Rules

The idea for the benchmark is to solve a system of linear equations to 64-bit floating-point accuracy by (a) doing a mixed-precision factorization of a matrix and computing an approximate solution from the low-precision factorization (LU decomposition), and then (b) use an iterative method (like GMRES) in 64-bit precision to iterate with the approximate low-precision solution to compute a final solution and obtain the accuracy one would have achieved by LU decomposition in 64-bit floating-point arithmetic. The low-precision LU factors should be used as a preconditioner in the iterative algorithm. The lowest allowed precision is 16-bit floating-point (available in the recent IEEE 754 standard). There is no theoretical analysis available to apply in solving linear systems with general square matrices in precisions using less than 16 bits. The restriction to only disallow less than 16-bit floating-point precision applies to results submitted after the June 2025 release of the HPL-MxP list.

The benchmark should use the HPL benchmark harness with a modification of the matrix generator.
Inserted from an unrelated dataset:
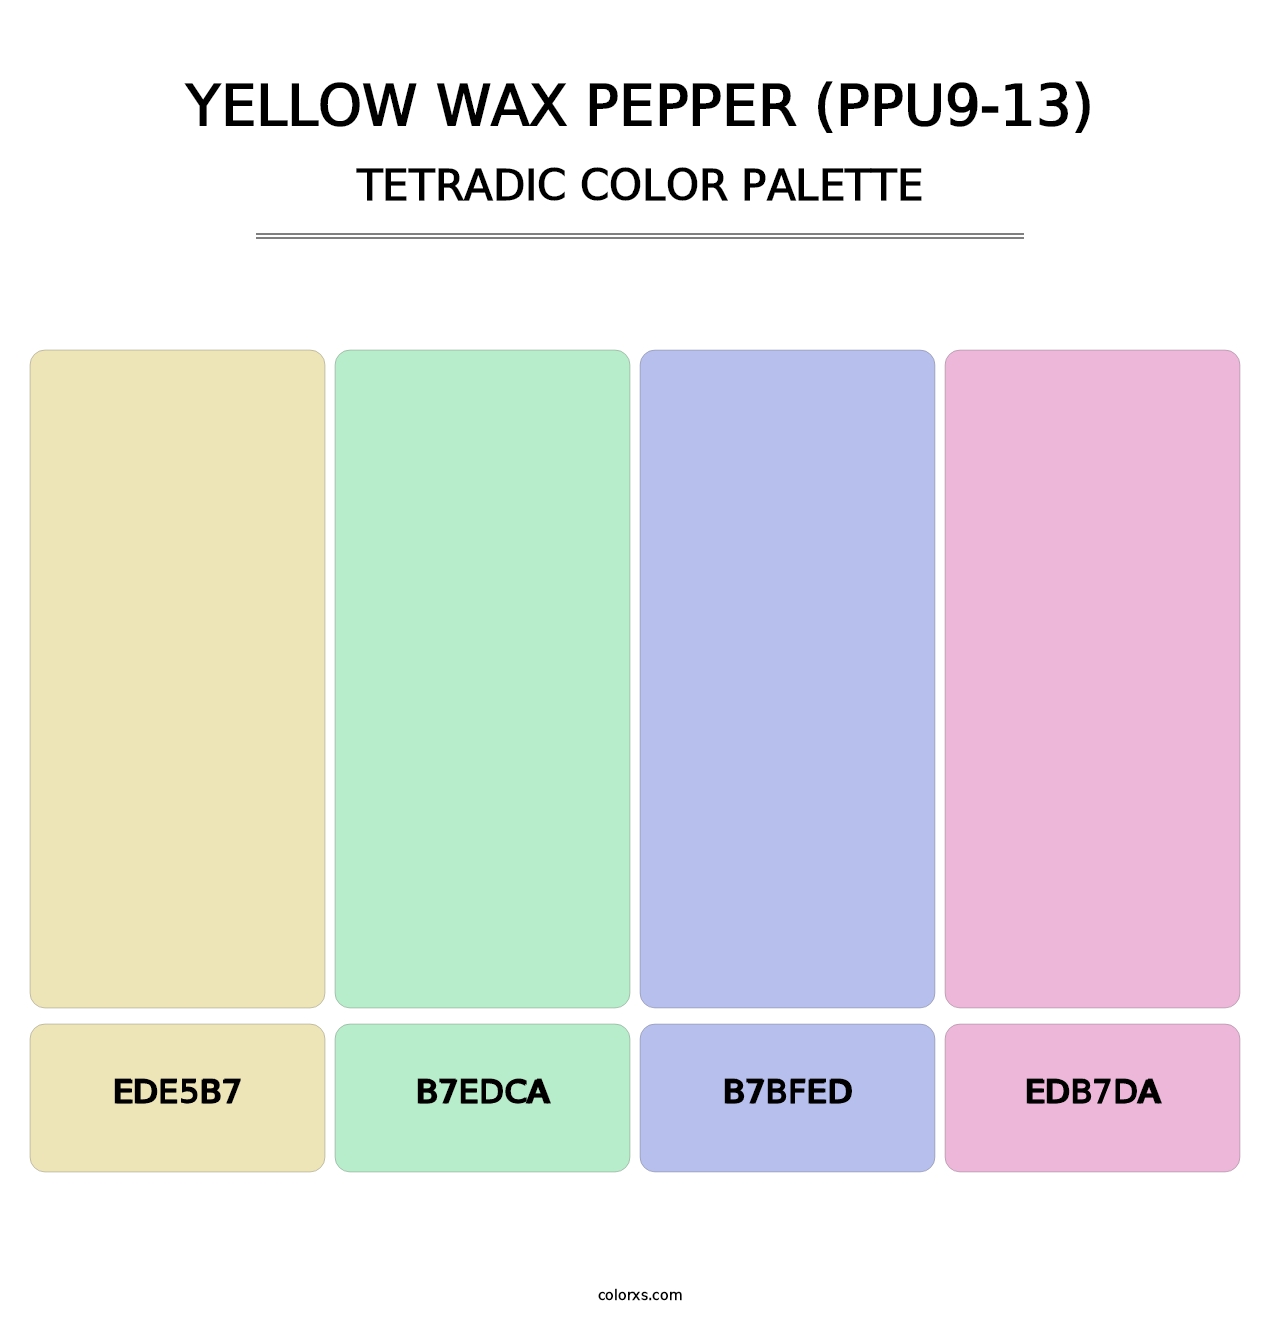 Yellow Wax Pepper (PPU9-13) - Tetradic Color Palette

The modified generator should produce a non-symmetric matrix that may be factored in numerically stable fashion without requiring pivoting. See Publications page for example generators such as synthetic matrix products or mild scaling of the diagonal. The property of strict diagonal dominance could be used for testing purposes only. For example, by explicitly making sure that the diagonal entries are the sum of magnitudes of each row's off-diagonal elements forces the matrix to be row diagonally dominant.
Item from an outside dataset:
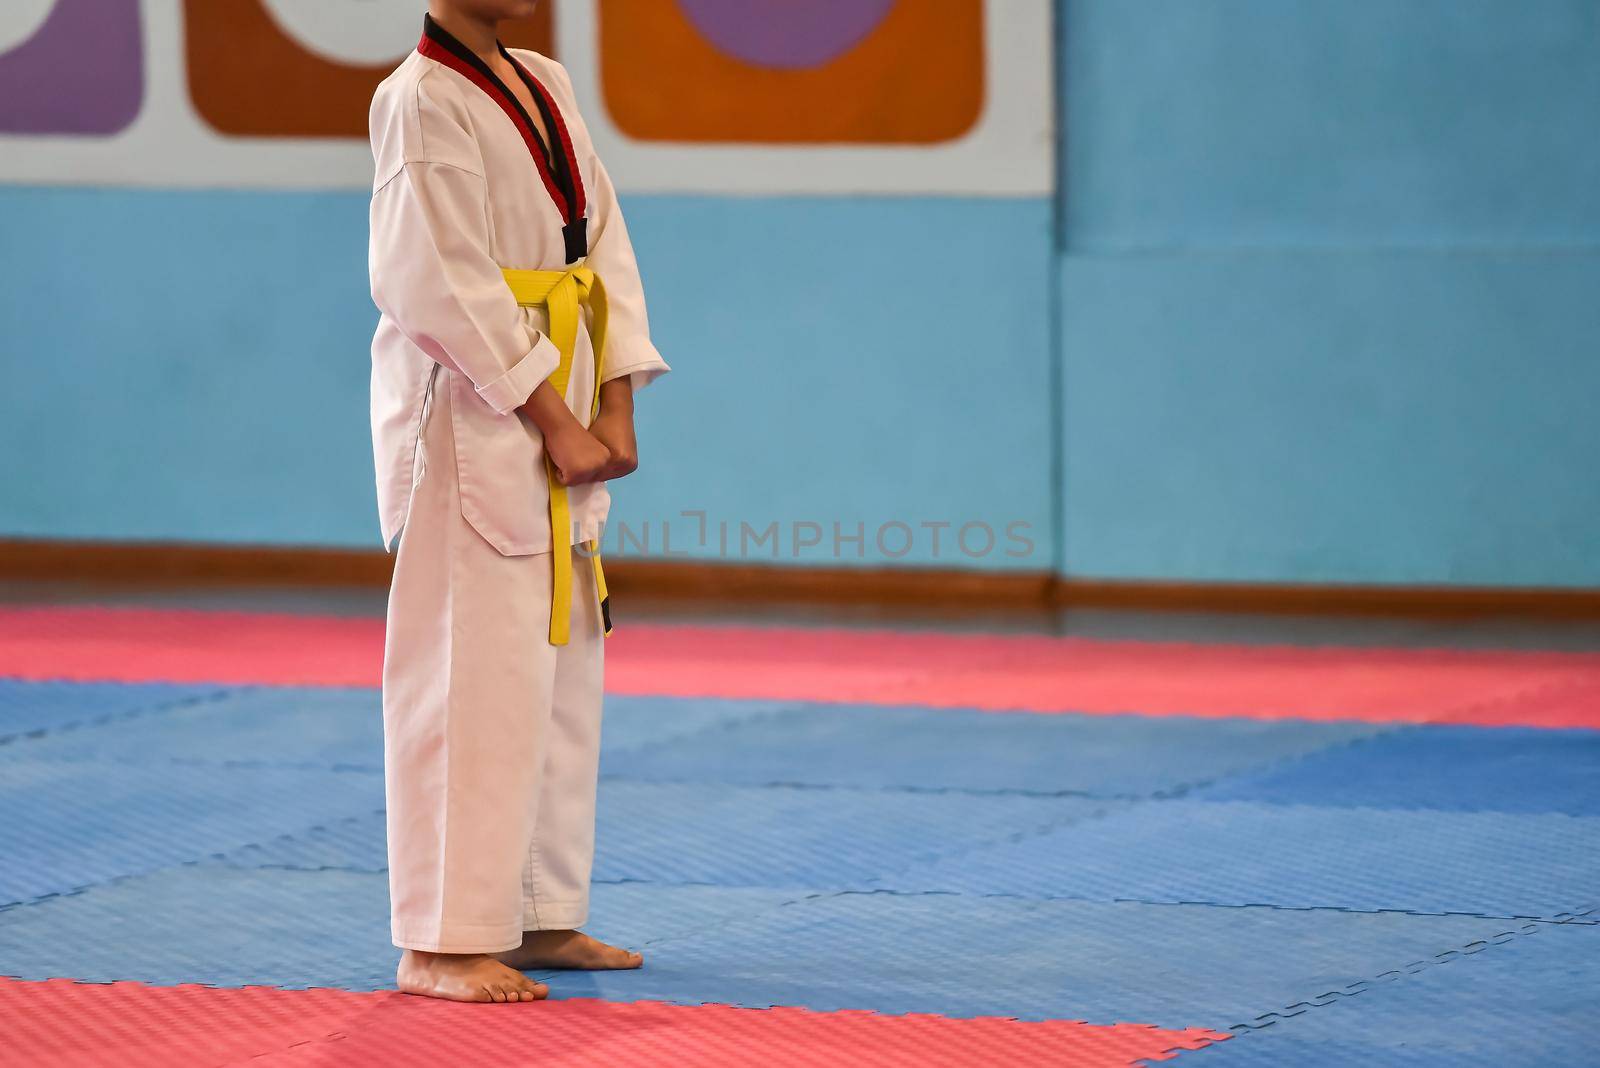 Taekwondo kids. A boy athlete stands in a taekwondo uniform with a yellow belt during a taekwondo tournament.

In an attempt to obtain uniformity across all computers in performance reporting, the algorithm used in solving the low-precision system of equations in the benchmark procedure must numerically conform to an LU factorization. In particular, the operation count for the algorithm must be 2/3n3 + O(n2) floating-point operations even though double-precision arithmetic is not required.

The HPL harness computes a backward-error: ||Ax-b|| / (||A|| ||x|| + ||b||) / (n * ε), where ε is the machine precision in 64-bit floating-point arithmetic (on machines implementing IEEE 754 this is ½53) and "n" is the size of the problem. There is no restriction on the problem size "n". However, if the backward-error is greater than 16, the run is invalid.

The implementation is allowed to do balancing and scaling to obtain the numbers within range of the floating-point format used for computing, but the time required for any preprocessing must be included in the time to solution.

The factorization can use mixed-precision during its construction, e.g., the panel factorization and triangular solves can be done in 32-bit arithmetic and the Schur complement (matrix-matrix multiplication of the form A2,2 <- A2,2 - A2,1 * inverse(A1,1) * A1,2) can be computed in 16-bit arithmetic with 32-bit accumulation.

The computation rate is based on the time to solve the problem: factor the matrix in lower precision, perhaps balance the matrix to prevent overflow, perform GMRES, or another iterative method, in 64-bit floating-point arithmetic using the LU factors as a preconditioner. If the implementation takes more than 50 iterations, the method should trigger a failure and the run is invalid.

In computing a rate of execution, 2/3n3+3/2n2 operations (the formula 2/3n3 - ½ n2 accounts for LU factorization and 2n2 for the subsequent back- and forward-solves) will be divided by the total time-to-solution to arrive at the rate of operations per second.

As part of the submission of results we expect the submitter to provide a detailed explanation of the algorithm used in the submission.

We have provided a reference implementation for the purpose of showing how the benchmark could be implemented. We do not expect this to be used when running of the benchmark. Optimizations should be applied to achieve higher performance than the reference implementation could achieve. The reference implementation can be found on Bitbucket.